The biomimicry and zero waste methodologies are used to collect heavy metals from chemical and mining facilities and recycle them with green methods from chemistry. Many plants draw metals from the earth and store them in their leaves. Due to their potential to spread pollutants into the soil and waterways, these plants are looked at with distrust.

In 2020, Claude Grison industrialized a method of collecting these metals by establishing the start-up Bioinspir after submitting more than 35 patent applications and winning the CNRS innovation prize in 2014.

Following a comparison of data from the National Institute for the Industrial Environment and Risks (INERIS) and the Pollutant Emissions Register (IREP), the start-up reports that industrial effluents in France are responsible for 100,000 tons of metal-polluted sludge, or roughly 5,000 tons of lost precious metals.

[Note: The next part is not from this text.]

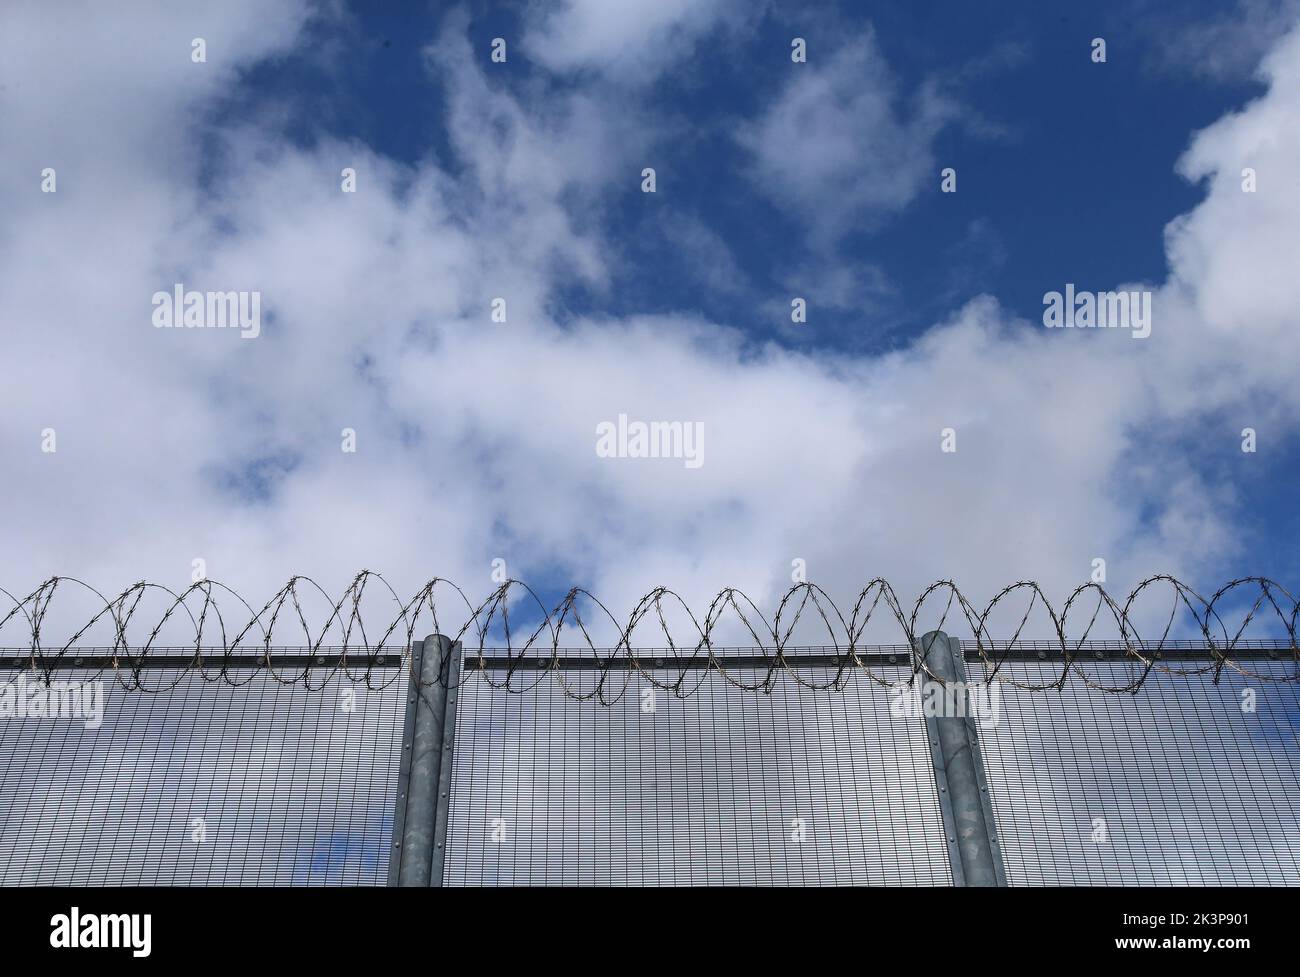 Photo du dossier datée du 05/04/16 d'une vue générale de la clôture de la prison de Cork désaffectée, comme les députés ont demandé au gouvernement de réviser les peines dépassées pour les criminels dangereux après avoir qualifié le régime de « irrémédiablement défectueux ». Banque D'Images

As a result, Bioinspir is working on four or five plant species that are found in French rivers, such as water mint.

The company gives these aquatic plants a second chance by grinding their roots, which continue to function even after the plant dies, and using the resulting powder to create highly thick filters.

These aquatic plants are then capable of storing different metals thanks to their roots. Through an eco-catalytic process, these tainted plants are reused. Consequently, they satisfy the need for bio-sourced compounds, notably in cosmetics, pharmaceutical, and phytosanitary industries.

It is comforting to be reassured that the country's industrial contaminated effluents will soon support the plant filters after so many challenges with the water environment.